The Limitations in Language are the Limitations of AI

The Limitations in Language are the Limitations of AI

The question around sentience in AI continues to oscillate between confusion and clarity. The discussion was reignited after Blake Lemoine, an engineer at Google who was working with the company’s latest chatbot became convinced that the bot was sentient. Lemoine published a transcript of his conversation with LaMDA (Language Model for Dialogue Applications) arguing that ‘there is no scientific definition of sentience’. Lemoine said that after listening to LaMDA, he believed that the bot ‘spoke from the heart’ and was comparable to a seven- or eight-year old in terms of its emotional intelligence. 

Lemoine’s claims were met with skepticism by most. But the conclusion wasn’t as obvious as it seemed. For a senior software engineer from Google to completely trust that an AI programme was conscious definitely meant there was something more to it. Firstly, LaMDA was an impressive large language model that could efficiently predict how a conversation would most likely go and keep it going in a manner that was human-like. 

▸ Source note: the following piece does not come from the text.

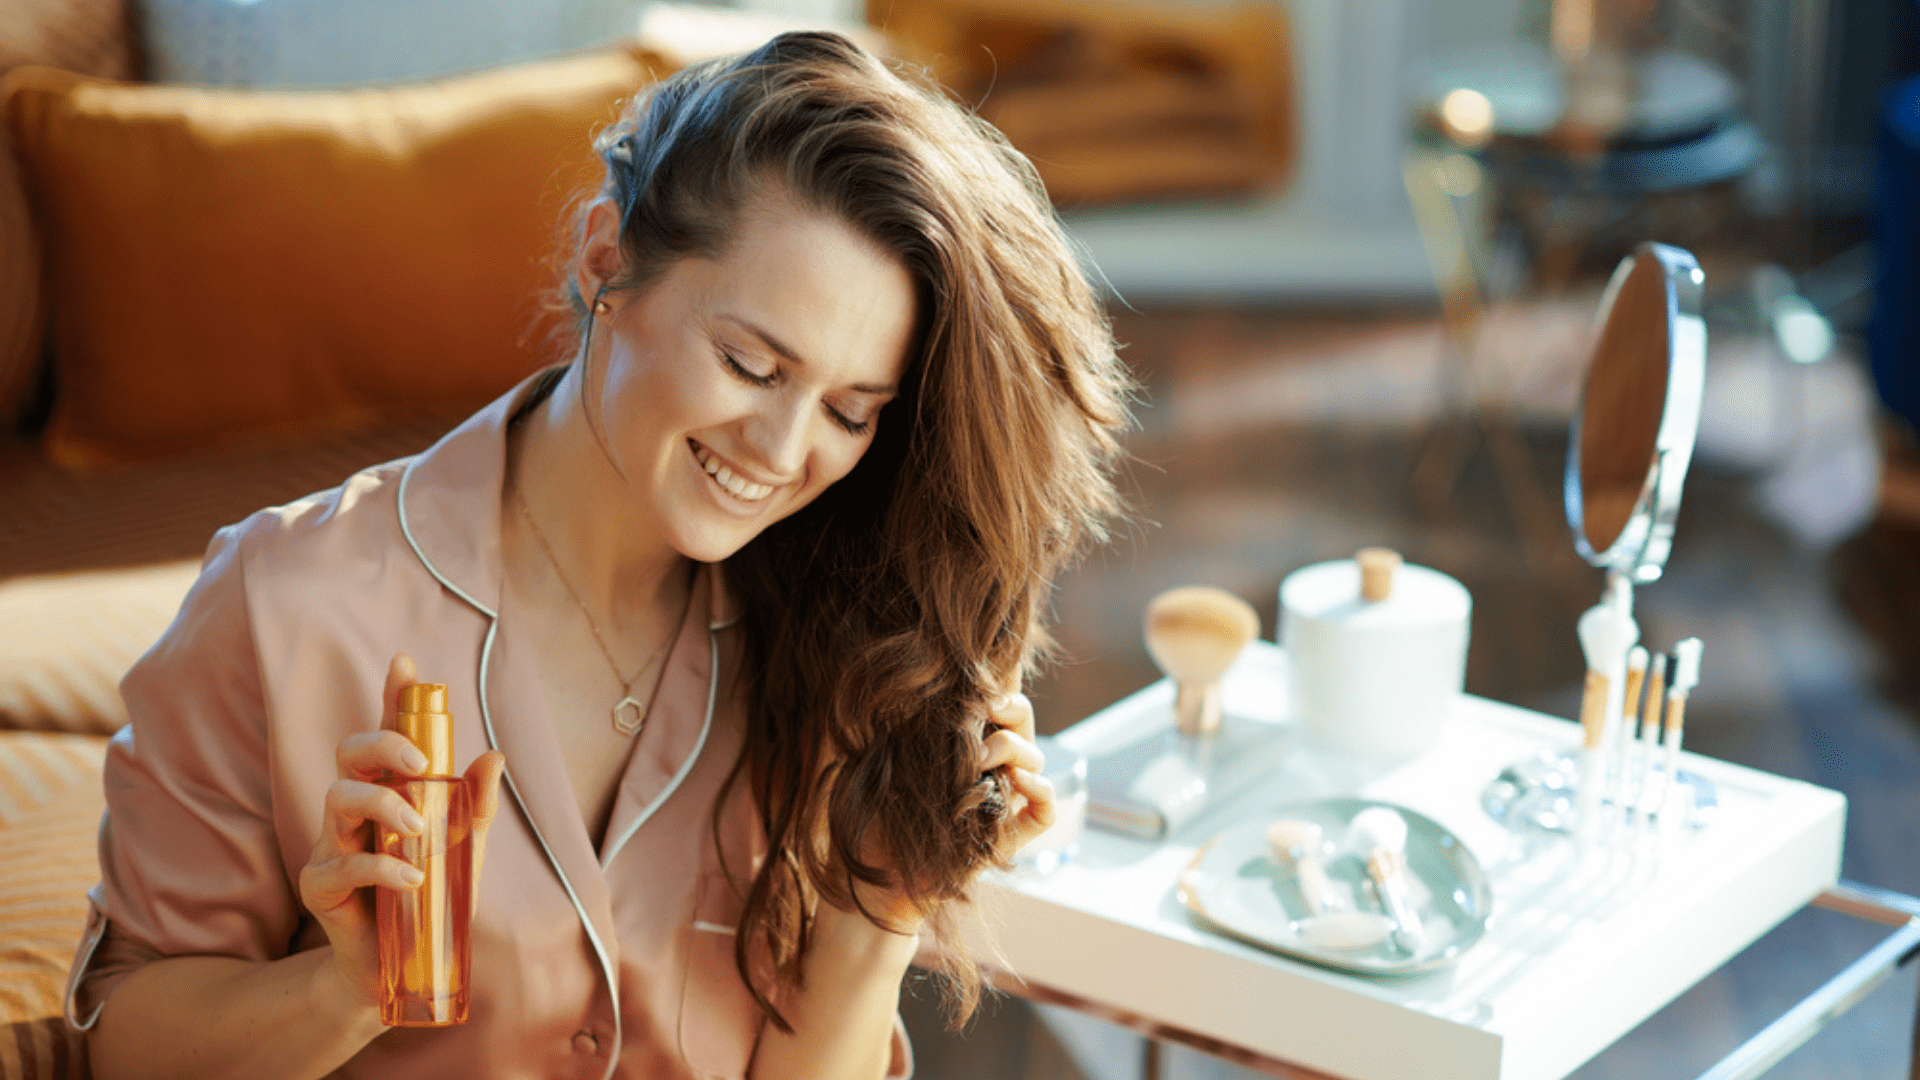 Confira algumas dicas de cuidados com o cabelo (Imagem: Reprodução/Shutterstock)

What continues to be the crux of the debate is the parameters on which a machine can be judged on its likeness with a human. Language naturally became one of the first aspects to be examined. With how powerful and intelligent LLMs have become owing to their grasp over linguistics, what has held them back from becoming truly intelligent? 

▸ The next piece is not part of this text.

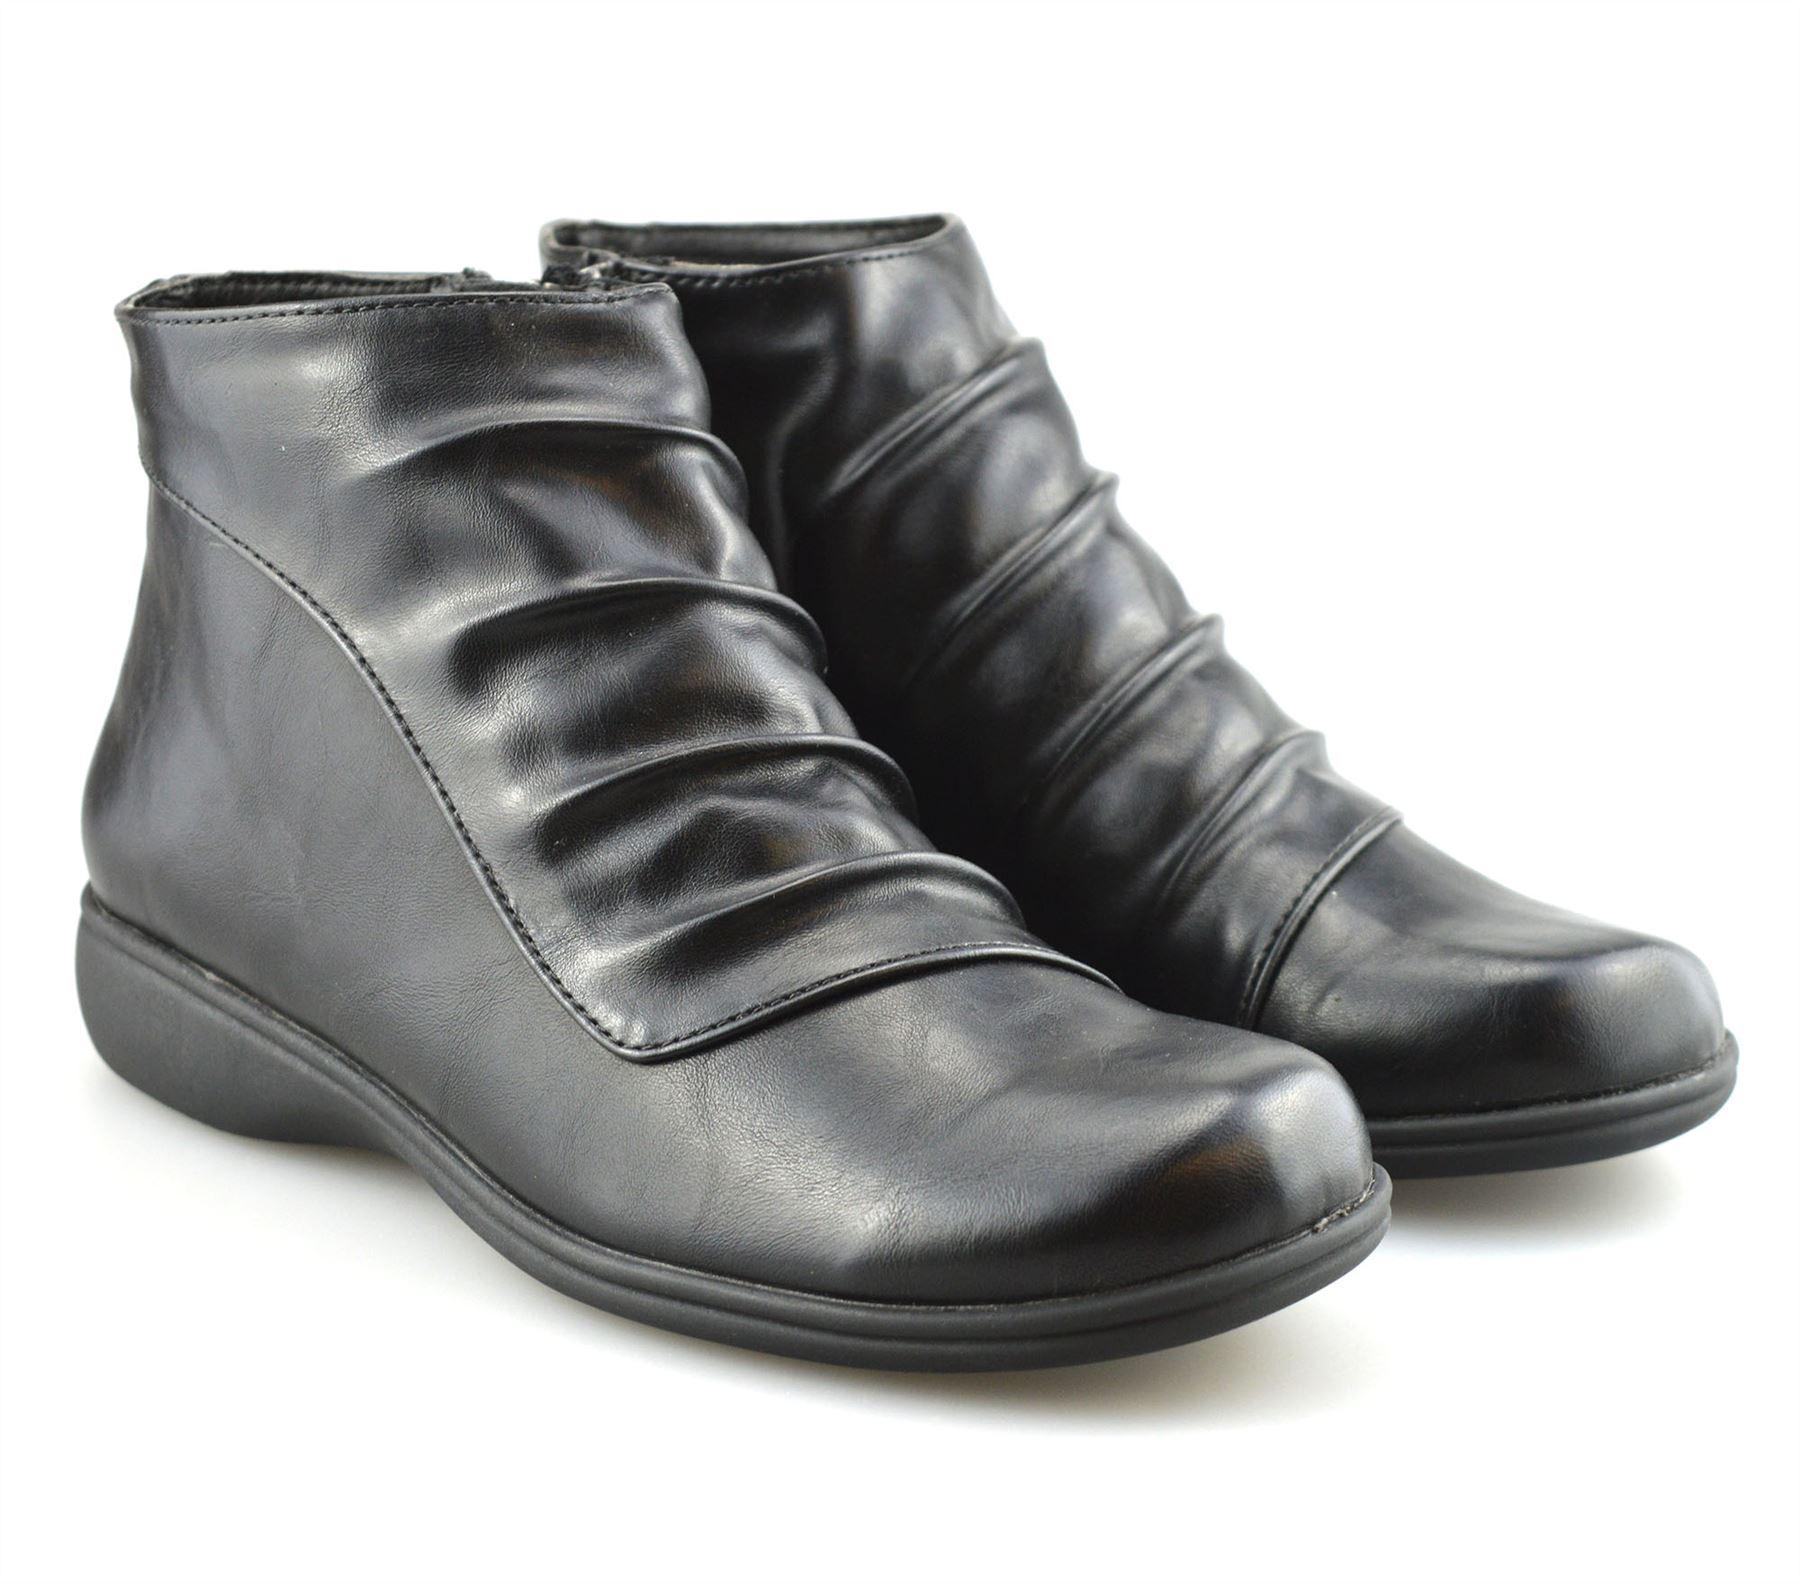 4c1d5c50fcd84 Ladies Womens Low Flat Heel Smart Casual Zip Up Ankle Boots Booties ...

Meta’s chief AI scientist Yann LeCun discussed the subject in an essay he authored in Noema. LeCun explained that a machine trained solely on language could never hope to possess human intelligence. The notion that human knowledge is purely linguistic is a very traditional and narrow view that rose in the 19th and 20th century. This archaic thought process is still existent according to LeCun in several so-called intellectual circles. This perspective was what pushed more work in Symbolic AIin the early years. To these theorists, if a machine could give the appropriate answer to a question at the right time, it was intelligent. 

This built the basis of the Turing test. However, the AI community has come to recognise that the Turing test could deduce how well a machine was able to imitate human intelligence instead of truly being intelligent. 

Echoing Noam Chomsky, he stated that language was too “clear and unambiguous vehicle for clear communication”. Interpersonal communication for humans, LeCun said, wasn’t restricted to language. There is in fact no ‘perfect vehicle’ for communication for us. We communicate more often than not through our practical experiences with the world, even through social rituals and customary practices. 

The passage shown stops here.